DATA BLOCK:
.....

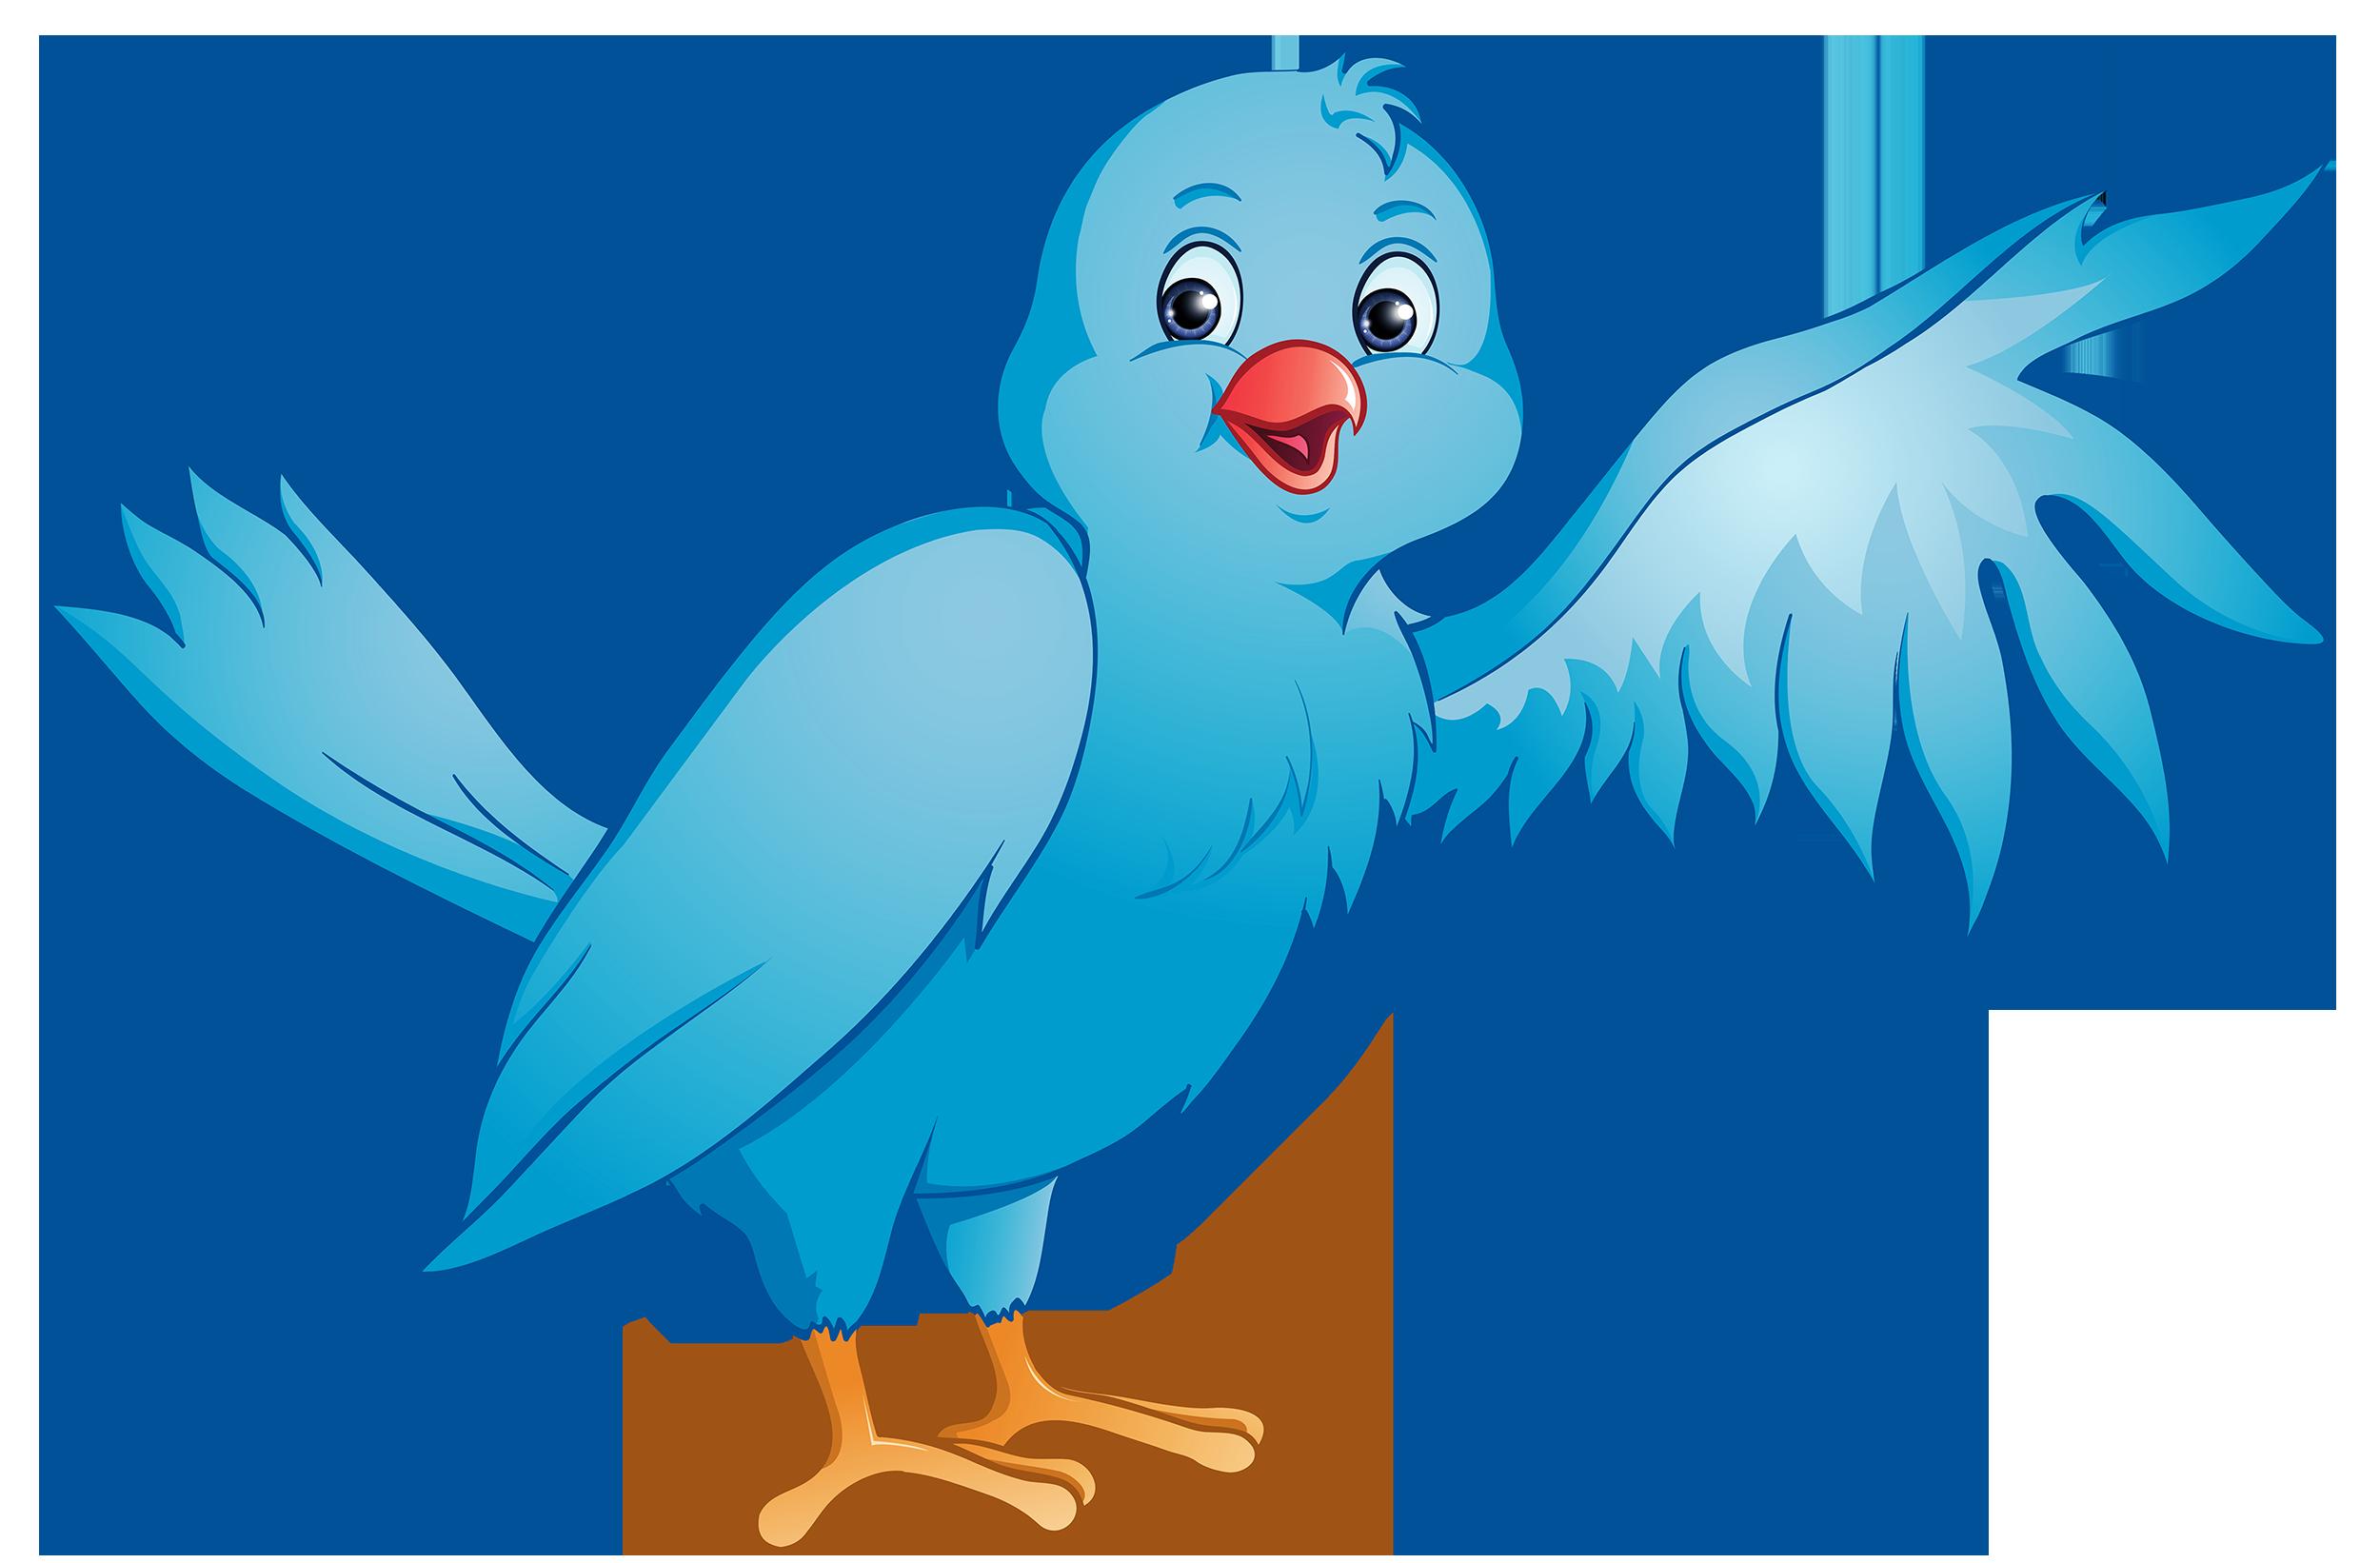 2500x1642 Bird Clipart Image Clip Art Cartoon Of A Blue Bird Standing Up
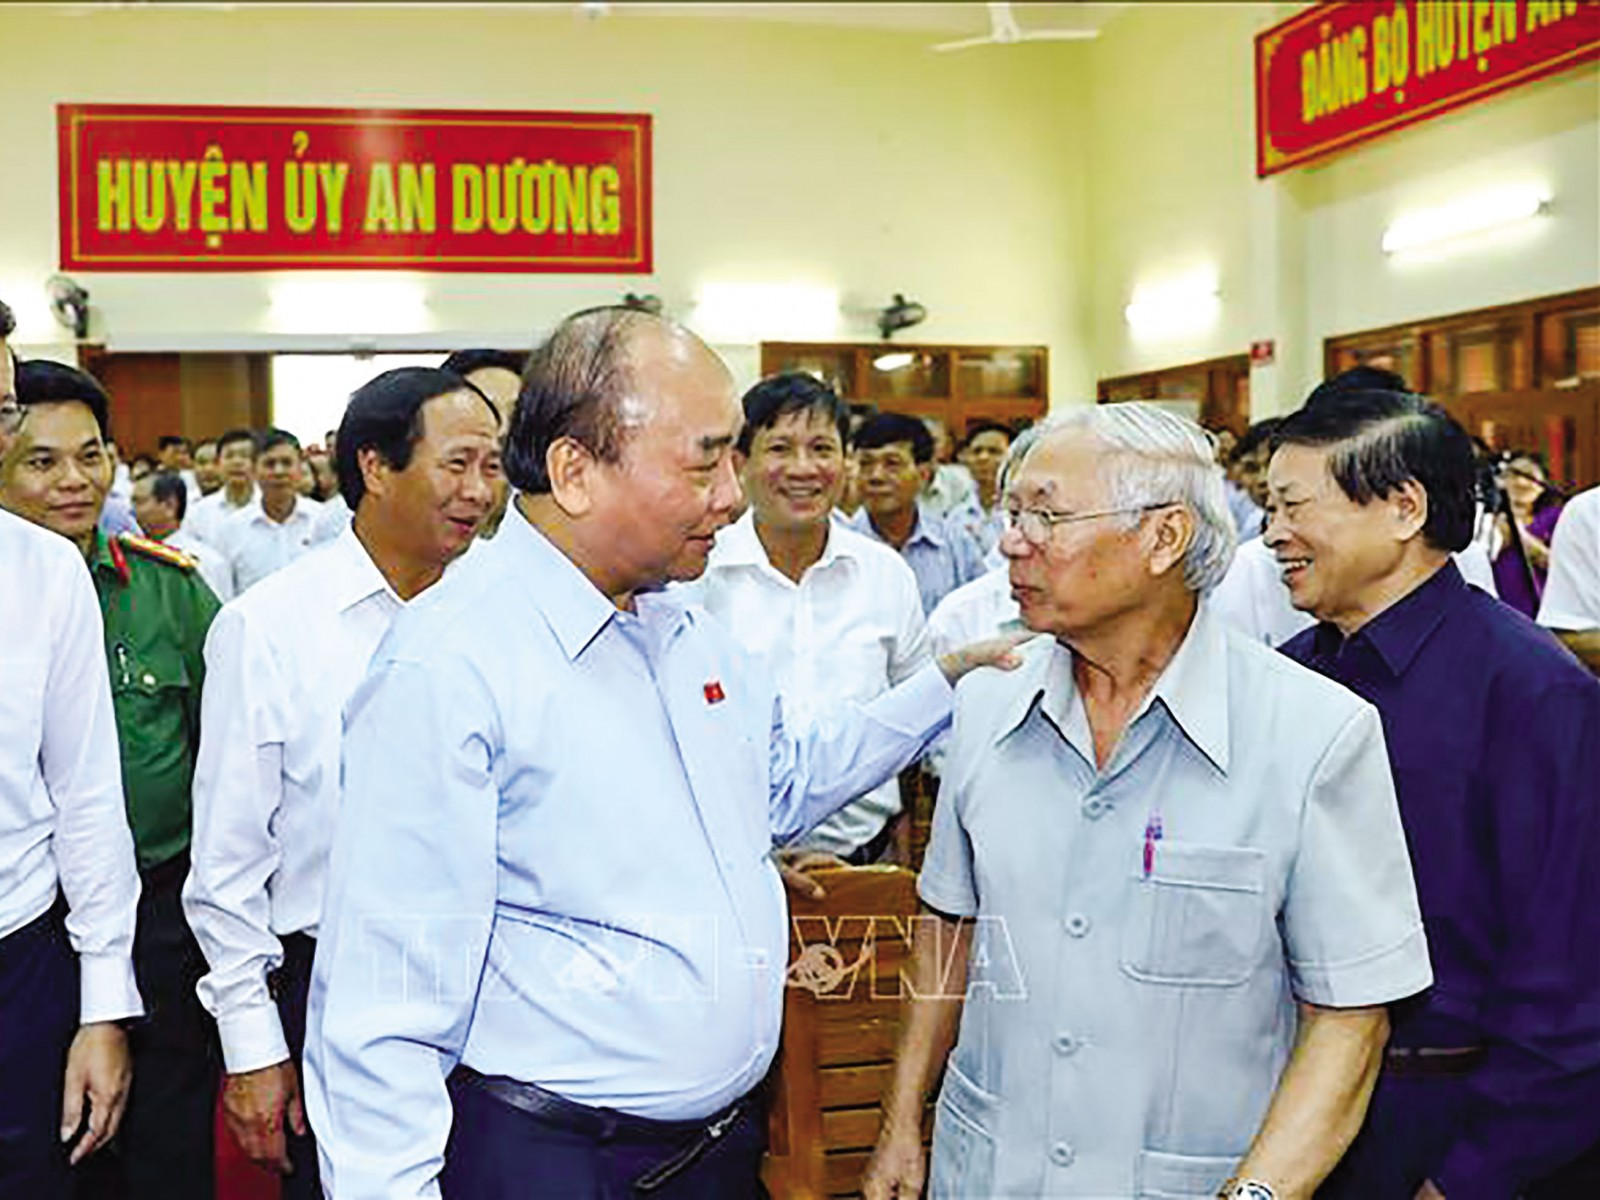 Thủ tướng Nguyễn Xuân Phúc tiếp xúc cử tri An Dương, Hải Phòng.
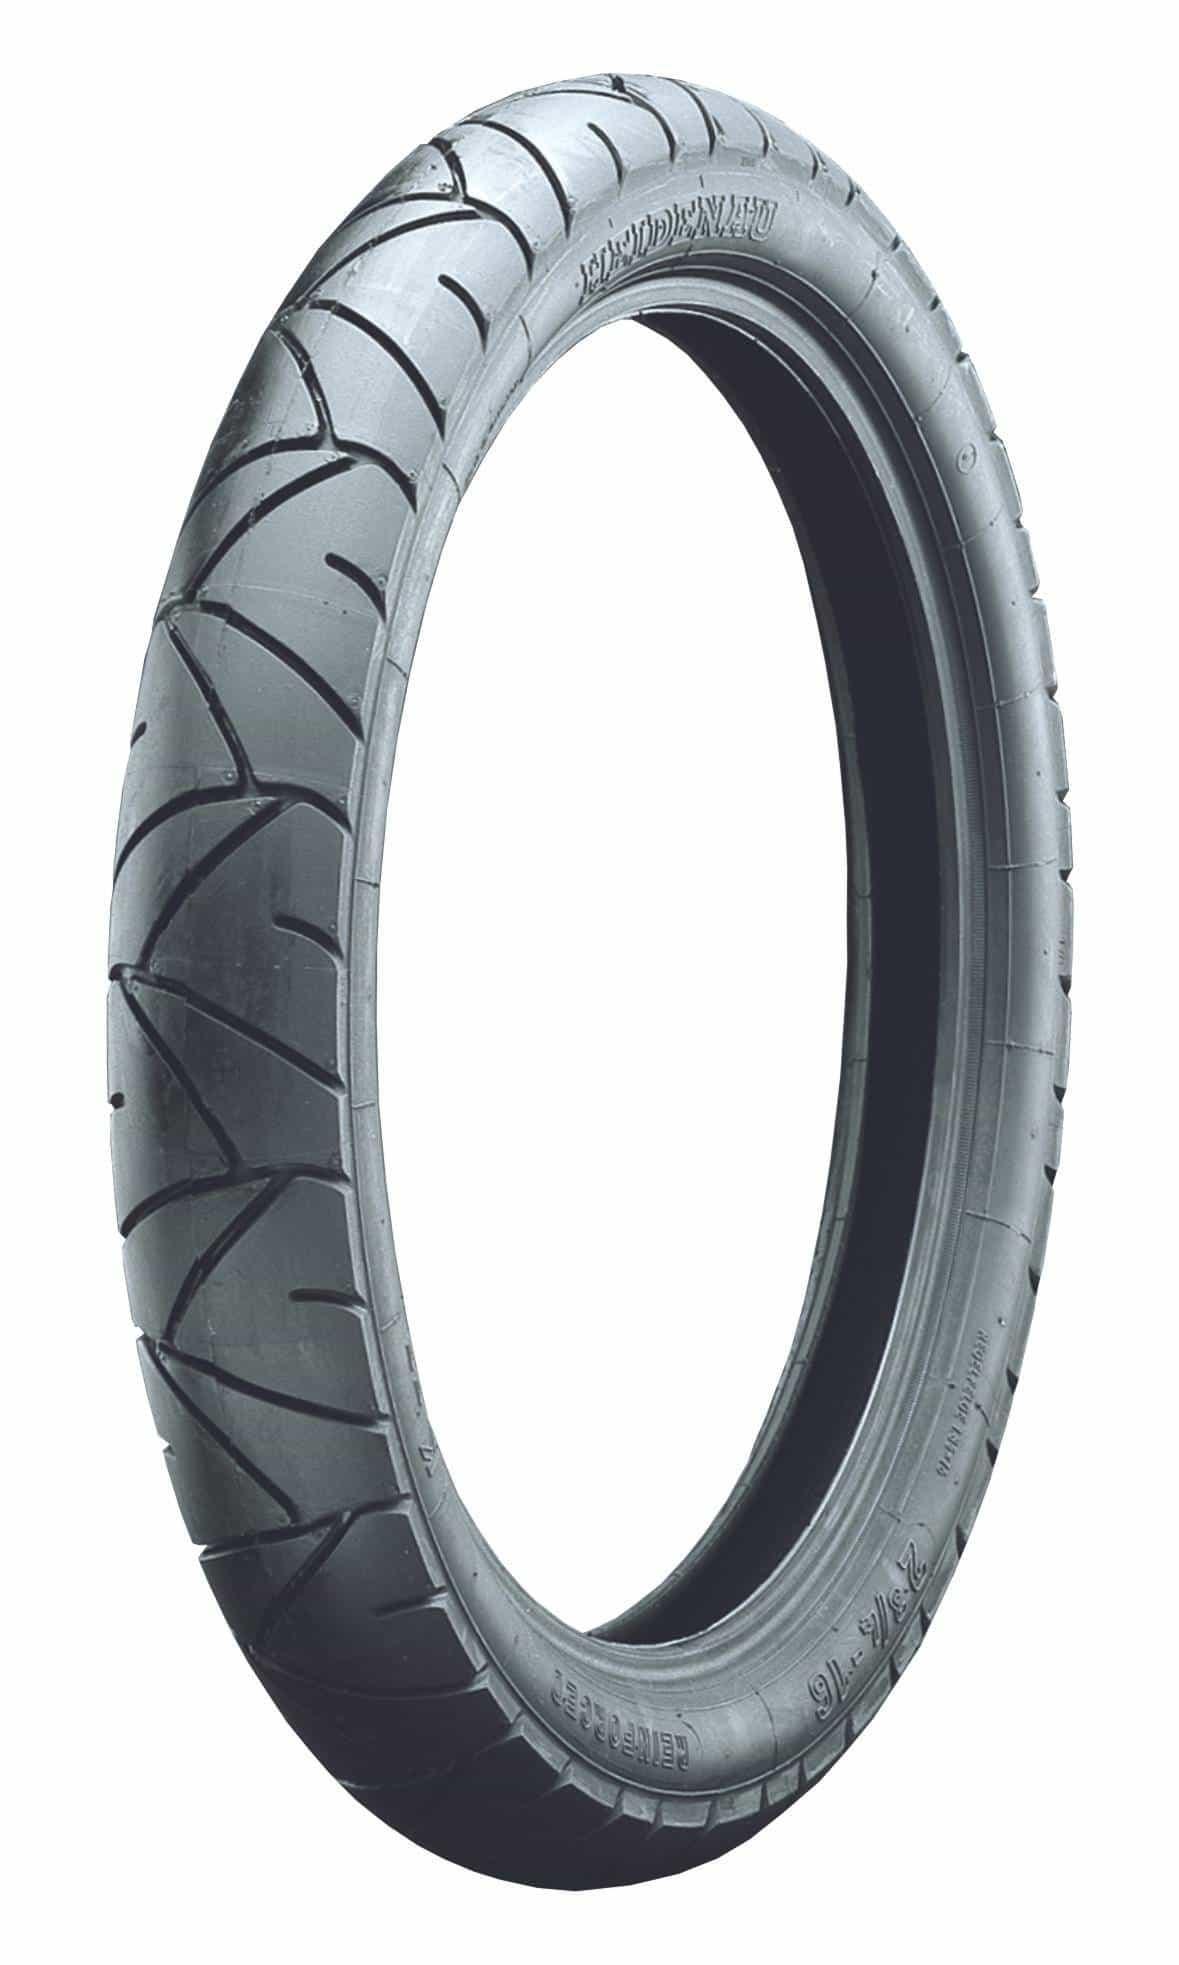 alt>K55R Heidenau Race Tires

.....

WORK TO BE COMPLETED:
Leave the pictures aside and print exactly, and only, the lines from the one with "Thủ tướng Nguyễn" through the end of the data, both included.

RESPONSE:
 Thủ tướng Nguyễn Xuân Phúc tiếp xúc cử tri An Dương, Hải Phòng.
 alt>K55R Heidenau Race Tires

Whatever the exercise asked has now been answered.